> **Instructions for the task**:
Using the records that follow, tally the lines containing the word "http" and state only the count.

> **Input for this task**:
━━━━━━━━━━━━━━━━

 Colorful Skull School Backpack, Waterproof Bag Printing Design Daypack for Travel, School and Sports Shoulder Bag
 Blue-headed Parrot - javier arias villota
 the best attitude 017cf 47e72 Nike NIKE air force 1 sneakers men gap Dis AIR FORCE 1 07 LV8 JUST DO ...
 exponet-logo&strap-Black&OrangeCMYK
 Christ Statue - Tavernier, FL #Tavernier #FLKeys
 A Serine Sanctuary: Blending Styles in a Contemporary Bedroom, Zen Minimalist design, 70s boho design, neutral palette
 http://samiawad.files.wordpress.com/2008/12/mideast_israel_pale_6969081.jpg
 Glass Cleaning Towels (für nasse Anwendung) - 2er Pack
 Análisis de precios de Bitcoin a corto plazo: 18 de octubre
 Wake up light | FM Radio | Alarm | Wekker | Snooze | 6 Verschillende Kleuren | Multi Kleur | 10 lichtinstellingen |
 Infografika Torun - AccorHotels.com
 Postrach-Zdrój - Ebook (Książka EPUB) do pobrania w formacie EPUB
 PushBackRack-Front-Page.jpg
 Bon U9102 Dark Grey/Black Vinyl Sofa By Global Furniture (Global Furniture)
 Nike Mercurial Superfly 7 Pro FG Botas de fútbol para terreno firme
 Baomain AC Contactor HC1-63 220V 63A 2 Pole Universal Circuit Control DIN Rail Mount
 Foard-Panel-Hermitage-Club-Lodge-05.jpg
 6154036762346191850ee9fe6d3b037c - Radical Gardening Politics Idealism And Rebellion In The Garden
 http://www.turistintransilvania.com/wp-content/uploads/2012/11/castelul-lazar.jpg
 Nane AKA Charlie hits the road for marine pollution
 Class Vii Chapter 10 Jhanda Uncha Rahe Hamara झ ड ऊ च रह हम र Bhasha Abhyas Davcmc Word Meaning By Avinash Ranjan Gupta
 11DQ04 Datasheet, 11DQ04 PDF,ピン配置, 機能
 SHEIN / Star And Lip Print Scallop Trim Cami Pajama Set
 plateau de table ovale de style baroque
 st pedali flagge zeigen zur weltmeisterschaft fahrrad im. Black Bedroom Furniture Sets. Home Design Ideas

━━━━━━━━━━━━━━━━

> **Solution**:
2